Opinion
C23-5746 BHS
10-16-2023
GREGORY ALLEN, Plaintiff, v. WASHINGTON STATE DEPARTMENT OF CORRECTIONS, Defendant.
ORDER
BENJAMIN H. SETTLE UNITED STATES DISTRICT JUDGE
This matter is before the Court on plaintiff Gregory Allen's motion for reconsideration, Dkt. 11, of the Court's Order dismissing with prejudice Allen's 42 U.S.C. § 1983 claim against the State of Washington, because the State is not a “person” for purposes of § 1983. Dkt. 9 at 5.
Allen argues, as he did in opposing the State's motion to dismiss, that Washington deemed itself a “person” for § 1983 purposes when it waived its sovereign immunity:
The State of Washington has subjected itself and waived immunity under its own laws.
Washington's Revised Code, Section 4.92.090 states that the State of Washington “shall be liable for damages arising out of its tortious conduct to the same extent as if it were a private person.” This statute is “one of the
broadest waivers of sovereign immunity in the country” and makes the State presumptively liable for its alleged tortious conduct “in all instances in which the Legislature has not indicated otherwise.” H.B.H. v. State, 429 P.3d 484, 497 (Wash. 2018) (quoting Savage v. State, 899 P.2d 1270 (Wash. 1995)) (internal quotation marks omitted).Dkt. 11 at 2. Allen argues that Washington created a law holding itself out “to the same extend as if it were a private person.” Id. at 3. Thus, he argues, Washington is also a person for purposes of § 1983. He argues this is true notwithstanding the Supreme Court's holding in Will v. Michigan Dept. of State Police, 491 U.S. 58 (1989), that Michigan was not a person for purposes of § 1983. Allen argues that Michigan's laws are “not as broad” as are Washington's. Dkt. 11 at 3.

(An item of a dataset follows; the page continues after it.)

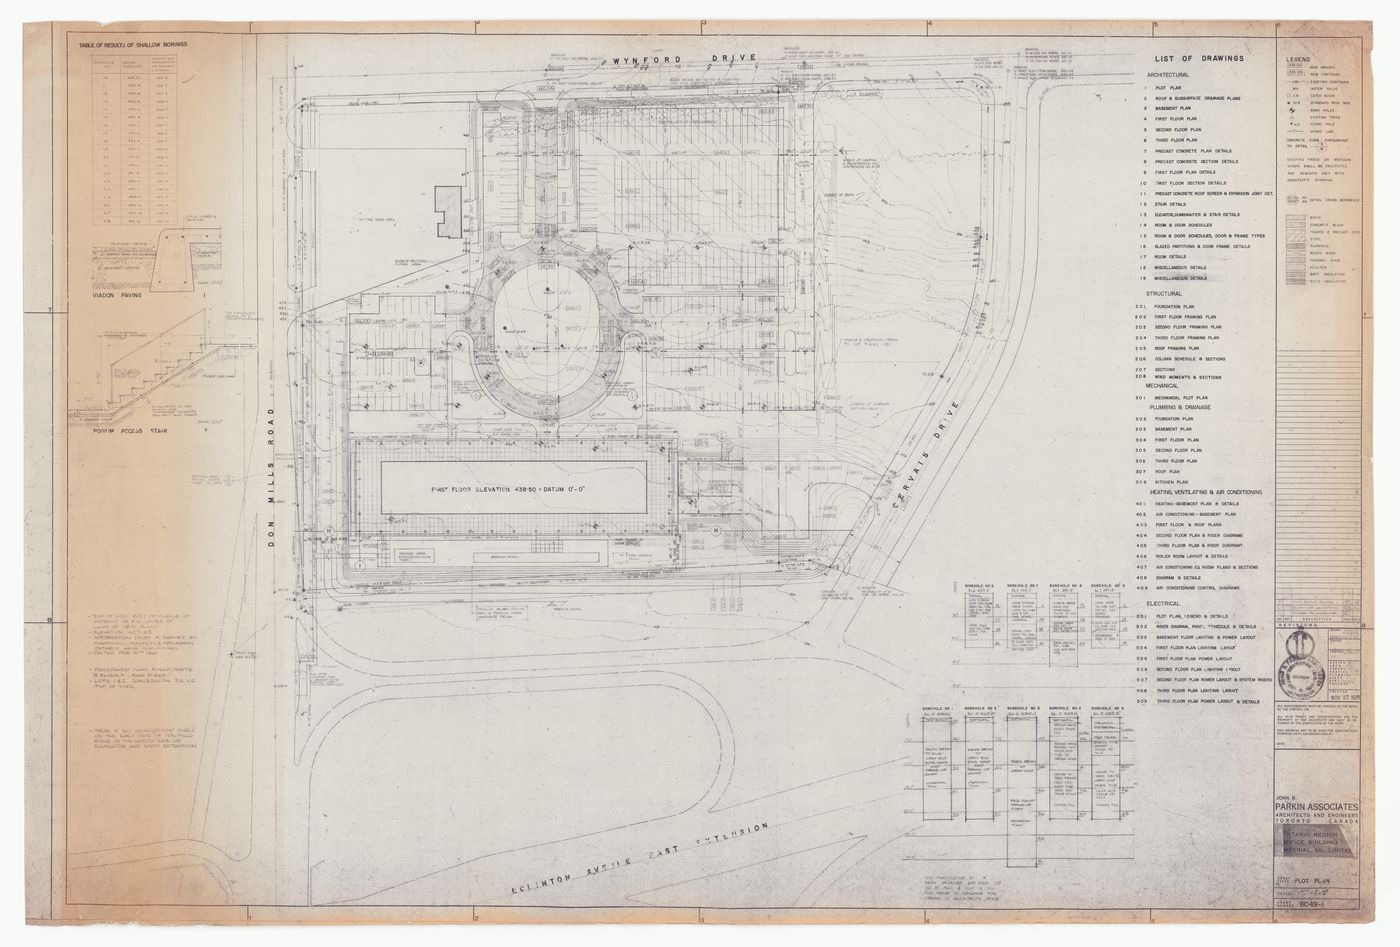 Construction plot plan for Imperial Oil Limited, Ontario Region Office Building, North York

This argument misapprehends the basis of the Court's Order, and the reasoning behind the overwhelming authority holding that, as a matter of federal law, a state is not a person for purposes of 42 U.S.C. § 1983.
This conclusion does not depend on sovereign immunity or on the scope of any state's waiver of sovereign immunity. See Groten v. California, 251 F.3d 844, 851 (9th Cir. 2001) (“We need not reach the sovereign immunity issue because the State is not a “person” for purposes of § 1983[.]”). The United States Congress, not the Washington Legislature, determines whether a state is “person” for purpose of 42 U.S.C. § 1983. Id. (citing Sable Communications of California Inc. v. Pacific Tel. & Tel. Co., 890 F.2d 184, 191 (9th Cir.1989) (“the Supreme Court concluded that Congress did not intend states to be subject to suit under Section 1983.”); see also Jenkins v. Washington, 46 F.Supp.3d 1110, 1114-15 (W.D. Wash. 2014) (“States, state agencies, and state officials sued in their official capacity are not persons under § 1983.”).
Allen does not address these authorities, and his arguments are unpersuasive in light of them. The claim that Washington is a person for purposes of § 1983, while Michigan is not, does not make sense and would not be workable.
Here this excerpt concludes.